Mais je ne peux pas ignorer que sa réaction était étrange. Elle savait exactement de quoi je parlais, et la peur dans ses yeux ne m'a pas échappée. Si je me trompe, je m'excuserai, front contre le sol, si nécessaire. Mais je refuse de vivre dans l'incertitude. Je ne veux plus avoir de regrets.

Je t'aime, grand-mère. J'aime cette tranquillité, ces moments partagés, nos rires et notre complicité. Mais tu m'as dit hier que je devais me battre, et c'est exactement ce que je vais faire. Je vais trouver cette vérité, de gré ou de force.

Avant tout, je crois qu'un bon bain me ferait du bien.

Je descends à la cuisine et j'aperçois le vide dans la pièce, une sensation de solitude.
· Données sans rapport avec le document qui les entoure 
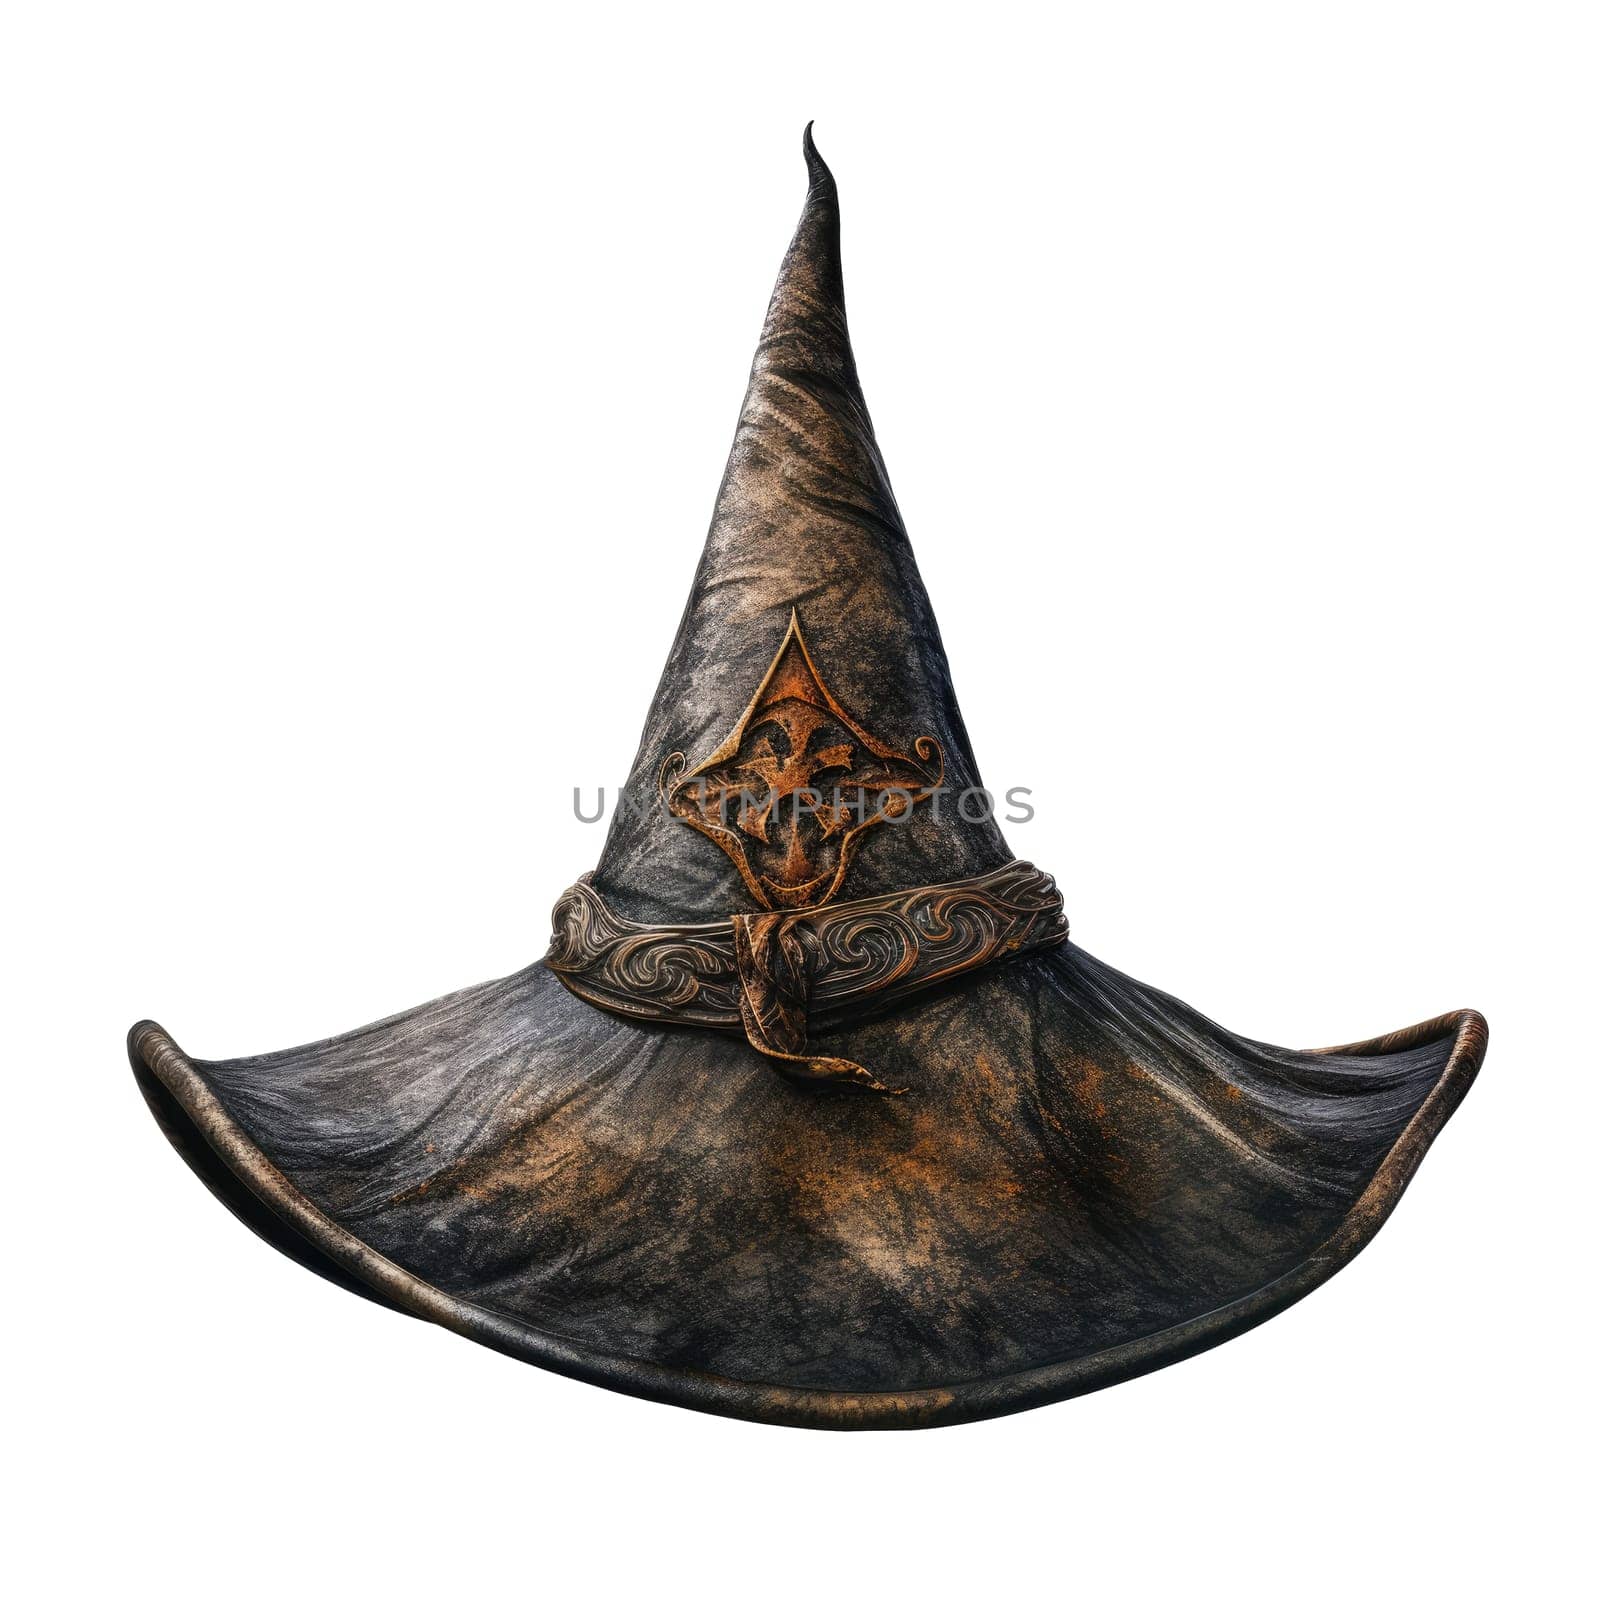 Black halloween witch hat isolated on white background by natali_brill
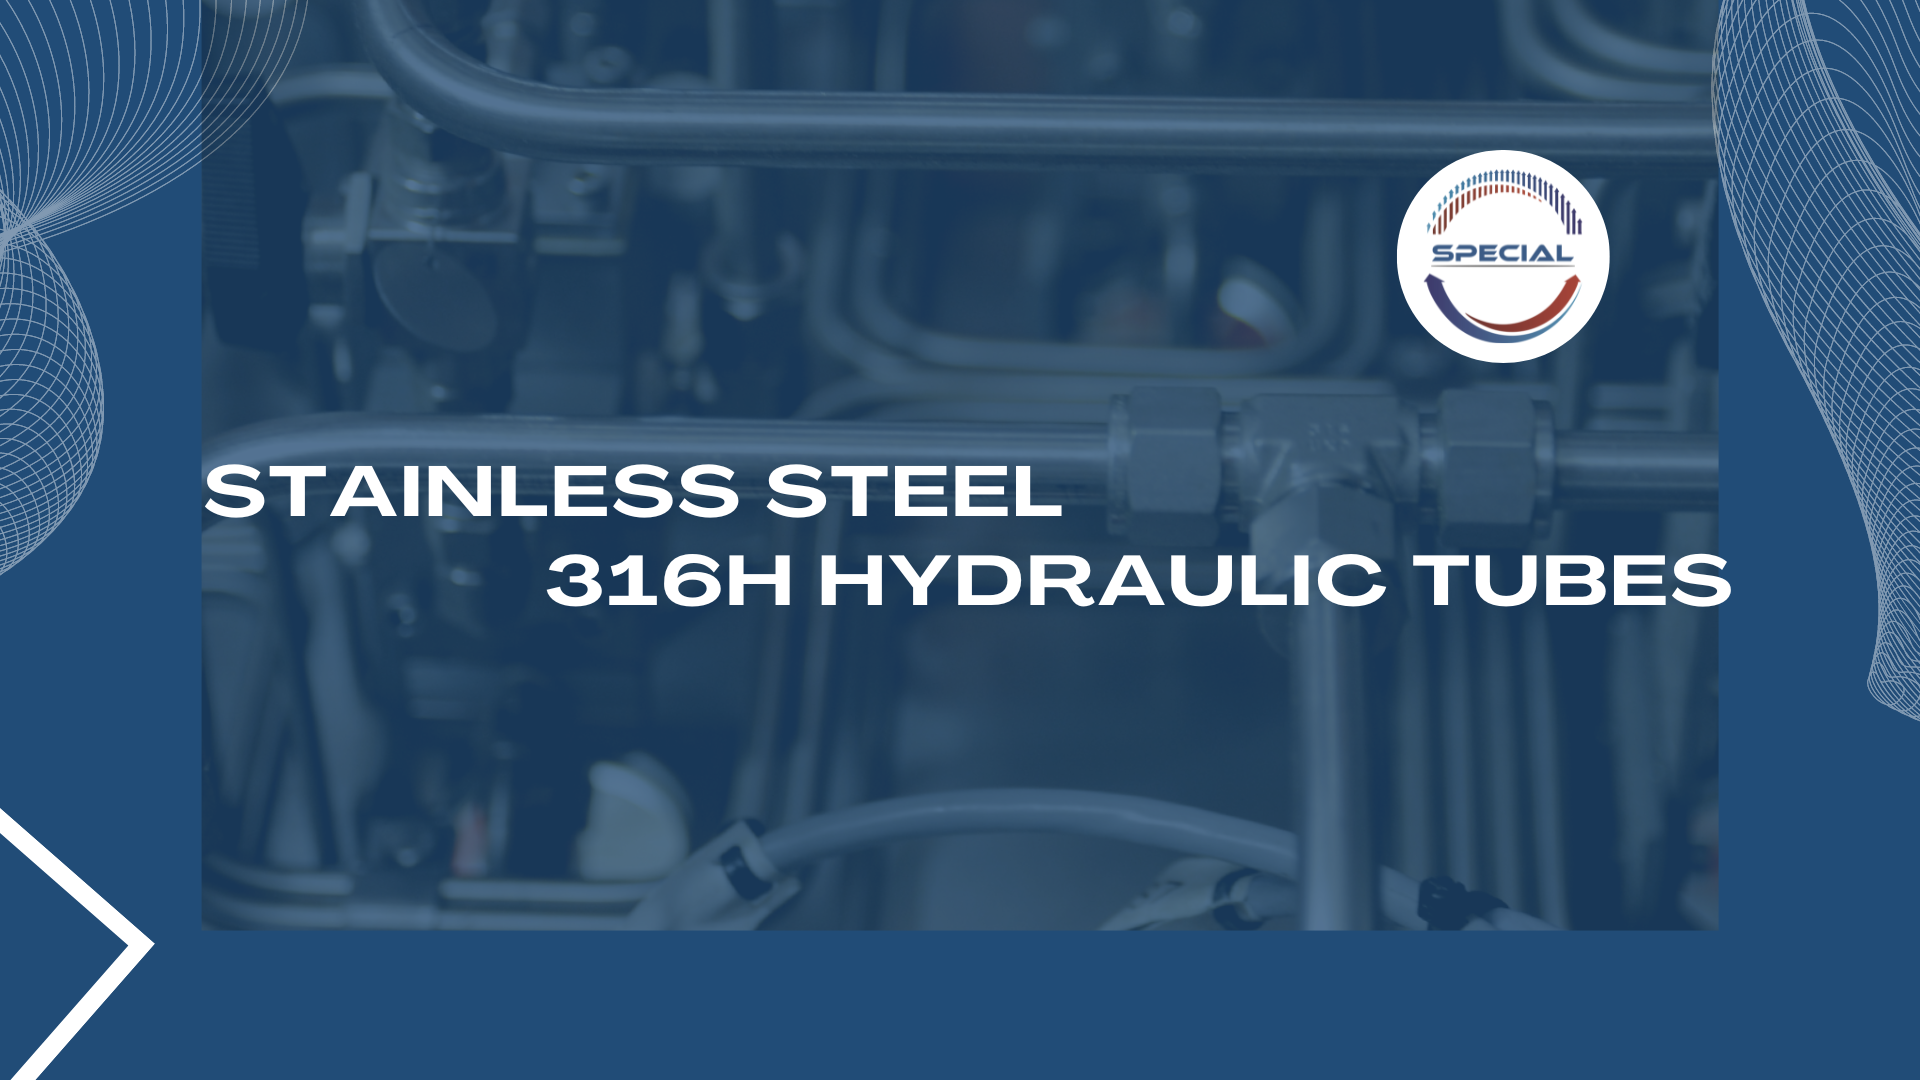 Stainless Steel 316 Hydraulic Tubes

Elle doit être partie tôt ce matin, ne voulant probablement pas que je l'interroge ou que je creuse davantage dans ses secrets. J'appelle néanmoins :
– Mami, j'ai besoin de te parler... Mami ?
Silence. Elle n'est pas là.

Je soupire, me dirigeant vers la salle de bain. Je dois me détendre, ne pas laisser mes pensées m'envahir. Une pause, juste un instant.